The doctrine through which the Supreme Court accomplished these results remains relevant today. For example, total invalidity is exactly the outcome sought by the Virginia Attorney General in challenging the individual mandate component of the recently enacted health care reform bill. Like others who have sought to invalidate wide-ranging legislation in the past, the Virginia Attorney General’s lawsuit seeks to use severability doctrine to leverage the alleged unconstitutionality of one statutory section to accomplish complete invalidation of a statute that is almost one thousand pages long. And, if the individual mandate is unconstitutional (admittedly a big “if” under current law), severability doctrine could very well enable Virginia’s slingshot lawsuit to take down the entire legislative Goliath of federal health care reform.

When a law is partially unconstitutional, severability doctrine governs whether a court may first separate out or “sever” the unconstitutional provisions or applications of a law, and then subtract or “excise” them so that the constitutional remainder can be enforced going forward. The lodestar for the severability determination is legislative intent. A court considering whether to sever asks whether the legislature would have preferred what is left of its statute after severance to no statute at all, and whether the statute can function without the unconstitutional part. If the answer to either question is “no,” then the court does not sever but instead declares the statute entirely invalid and enjoins its enforcement in all applications.
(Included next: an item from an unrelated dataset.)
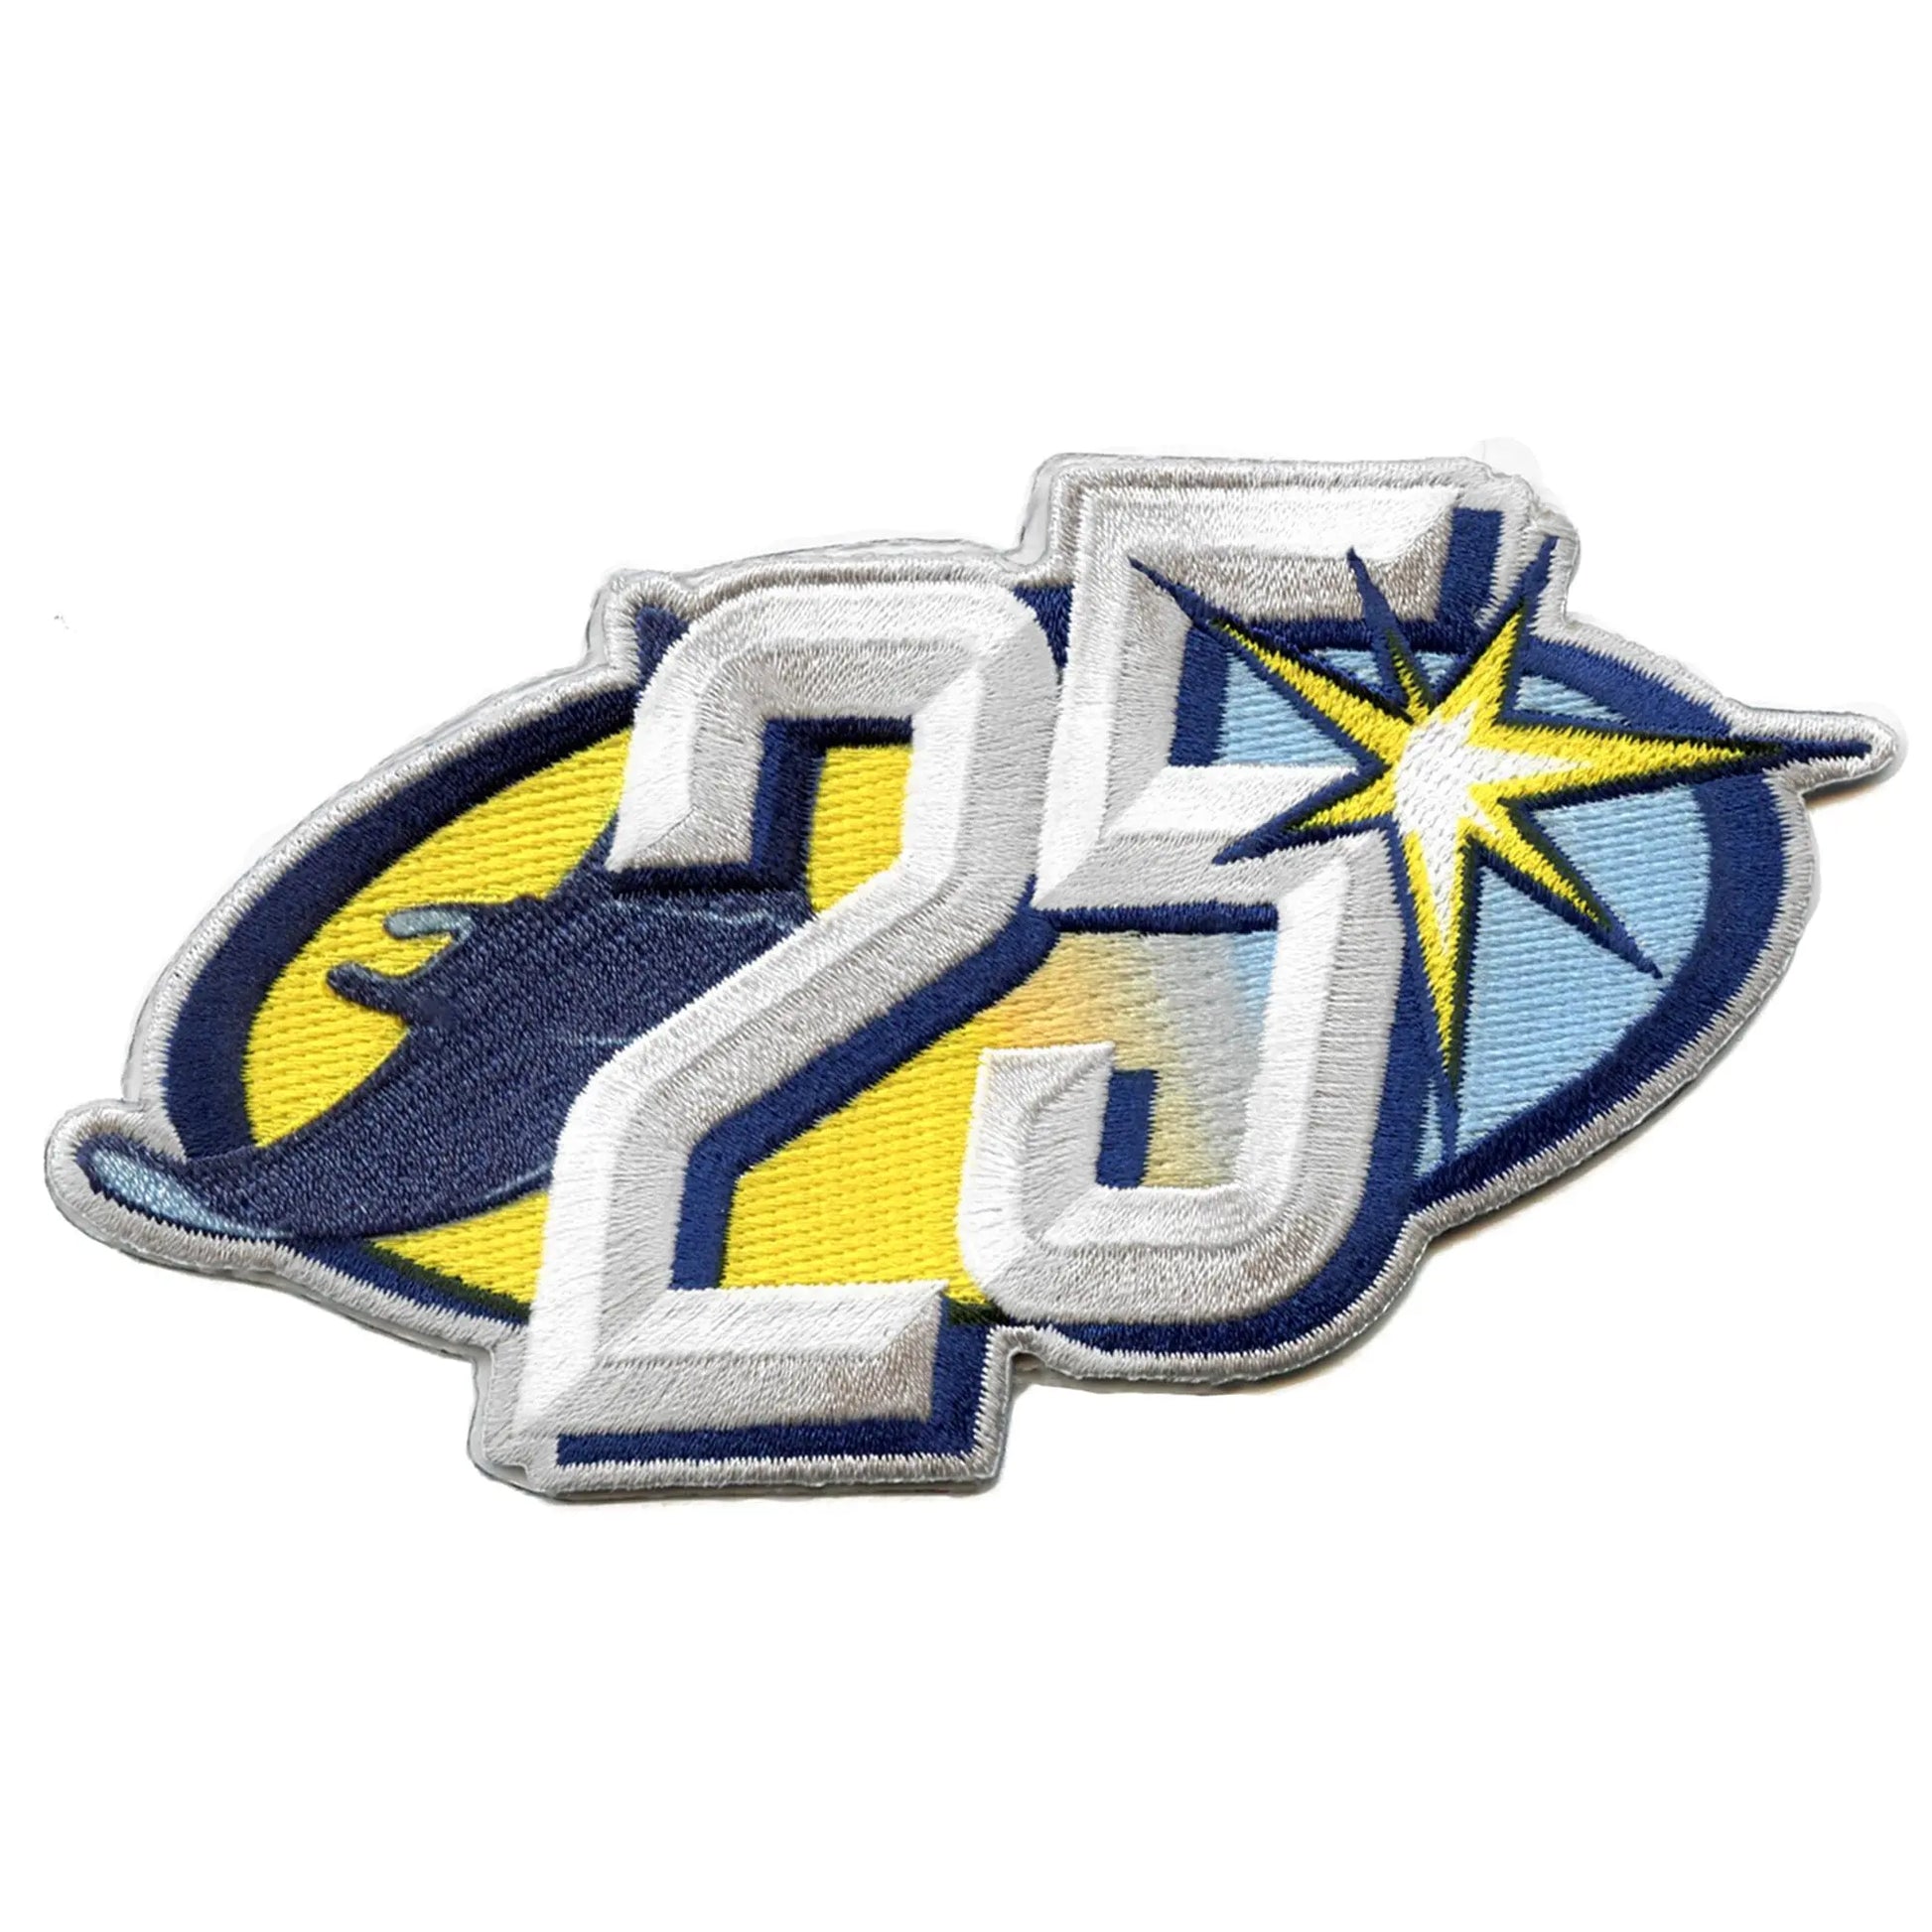 25 Golden State Warriors All Jerseys and Logos ideas

A legislature may try to control the severability determination with a severability or inseverability clause, but under current doctrine such clauses are neither necessary nor sufficient to control the judicial determination of severability. Additionally, the inquiry into legislative intent required by severability doctrine is unlike many other interpretive inquiries, in that it explicitly requires a determination of what the legislature would have done, not what the legislature actually did. The doctrine thereby leaves courts with significant discretion in deciding whether and how to sever and excise statutes.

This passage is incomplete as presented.